Debate on Department of Economic Development and Tourism Budget

May 14, 2022 | Press Releases

Thank you, Hon. Chairperson. Greetings to the Leader of the Official Opposition, Hon. VF Hlabisa, Hon. MEC RR Pillay, all Hon. Members present in the House and those on the virtual platform.

Hon. Chairperson, over the past year the economic trajectory of our province has been dealt severe setbacks, in the form of the Covid pandemic, the looting accompanied by social unrest, and the devastating rain storm that lashed our province. If ever there was time for government to be creative and focussed on economic development, this is the time.  Whilst large companies might find it easier to get back on their feet and continue to function, my thoughts are with the smaller players in the economic sector, especially those in the township economies across KwaZulu-Natal. These traders were not covered by insurance, nor do they have the resources to start over and earn a living. This is where I believe that this Department has to play a meaningful and urgent role.

Hon. Chairperson, Programme 2, the Department’s “Red-Tape Reduction Programme”, must be urgently rolled out and implemented. In previous debates I always championed the cause of red-tape reduction, so that investors will be encouraged to set up businesses in small municipalities, thereby creating much-needed jobs in the rural areas. The 29 municipalities under the control of the IFP in KZN will welcome this programme, and I want to appeal to the Hon. MEC to prioritise more than just seven municipalities, as projected in the Department’s APP target.

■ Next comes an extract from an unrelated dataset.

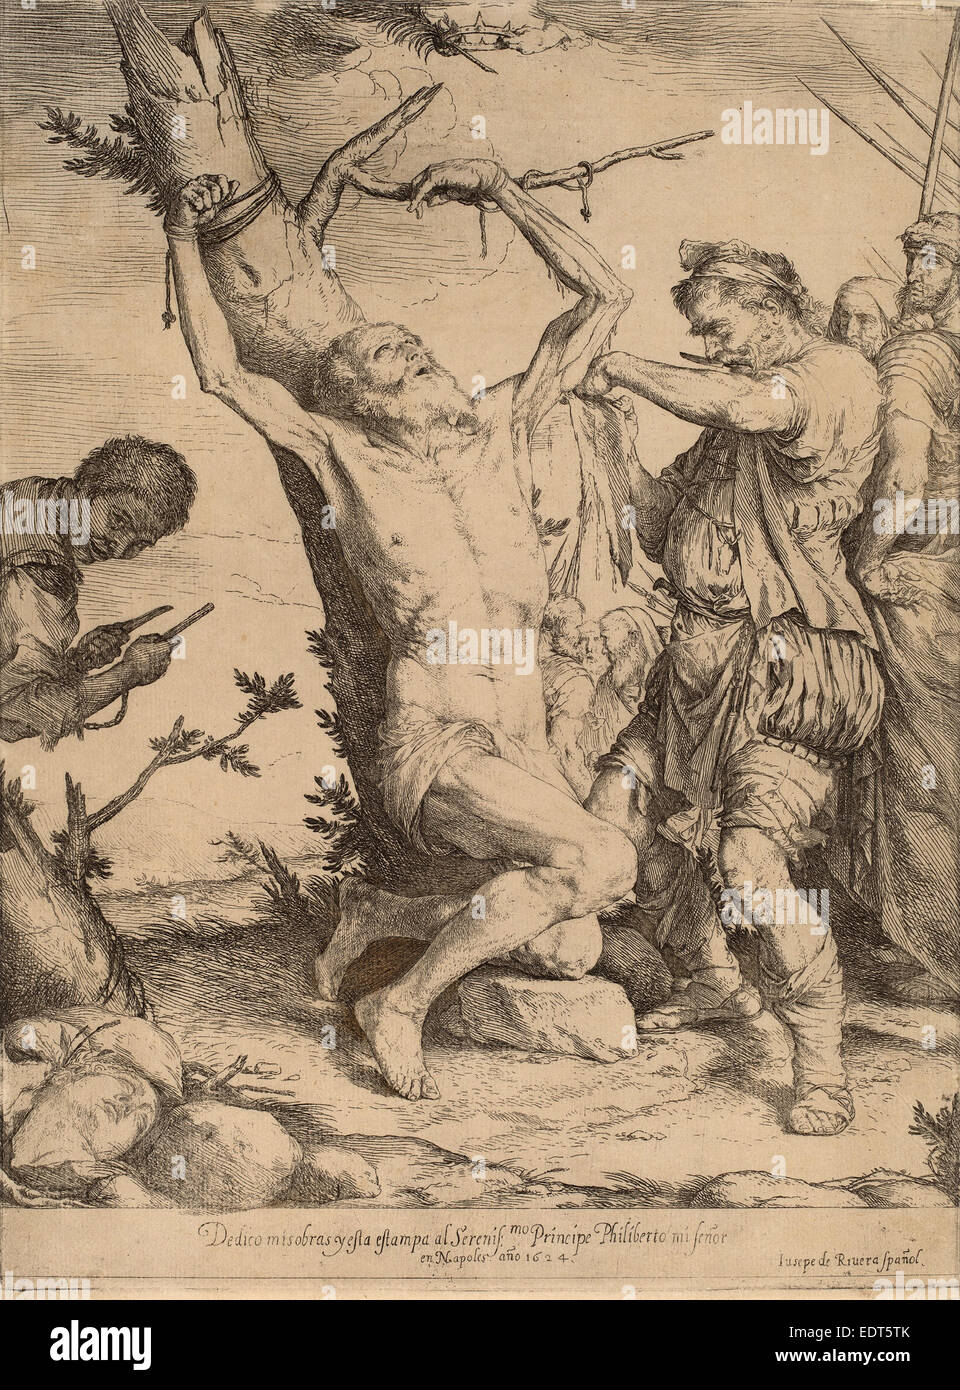 Jusepe de Ribera, The Martyrdom of Saint Bartholomew, Spanish, 1591 - 1652, 1624, etching and engraving - Stock Image

Under Programme 4, which deals with Business Regulations and Governance, I welcome the Department’s intention to provide technical support to 41 municipalities that will be assisted with Business Licensing issues. Township economies need to be revitalised and given that much-needed boost, as this will serve to create jobs, as well as promote tourism in those rural areas.

Hon. Chairperson, on the issue of tourism, I am very concerned that in Programme 6, which deals with Tourism Development, there were 22 vacant posts. Such a vital Programme certainly cannot function optimally and deliver on its mandate if its organogram is so depleted.

Hon. Chairperson, while we were on oversight visits to areas affected by the social unrest, I was dismayed to see Ithala Properties have been badly neglected, in terms of maintenance and security. Those buildings housed many factories, providing hundreds of sustainable jobs but the state of neglect is very concerning. I am aware that R160 million was set aside for this purpose before the unrest. I hope that the Department will ensure that this issue will be back on track.

Whilst the Department must be commended for wanting to support various enterprises, it is disheartening that the loans given by the KZN Growth Trust Fund to companies such as Goodlife, HBM-SA, INSA and MicroFinish – to the tune of over R184.7 million have not provided the desired outcomes. Some of these companies are dysfunctional, with problems ranging from infighting among shareholders, to a company that was given a loan of R19 million but they then provided invoices from dubious suppliers, forcing the Trust Fund to go to court in the hope of recovering about R12.2 million. As a province, we cannot afford to lose much-needed funds and I will encourage the KZN Growth Trust Fund to be more circumspect and careful when engaging with such companies in the future.

I am very concerned about the plight of young students who enrolled to study at the Sharks Board School of Excellence. These students paid thousands of rand to study, in the hope of graduating and getting employment. I met with these students – and was told very sad stories of how they were hoodwinked. Some of them attended graduation ceremonies and received what was to be certificates or diplomas, but those documents are not worth the paper they are printed on. The courses were then transferred to the Moses Kotane Institute, but it is still not clear if the Institute is accredited and registered with SAQA. These young people are now left unemployable four or five years later, with no qualifications and thousands of rands poorer. I urge the MEC to ensure that those who are responsible for this debacle are brought to book and that the students are compensated in some tangible way.

Hon. Chairperson, I conclude on a high note by stating that the progress being made and opportunities being presented in the cannabis industry are very encouraging going forward.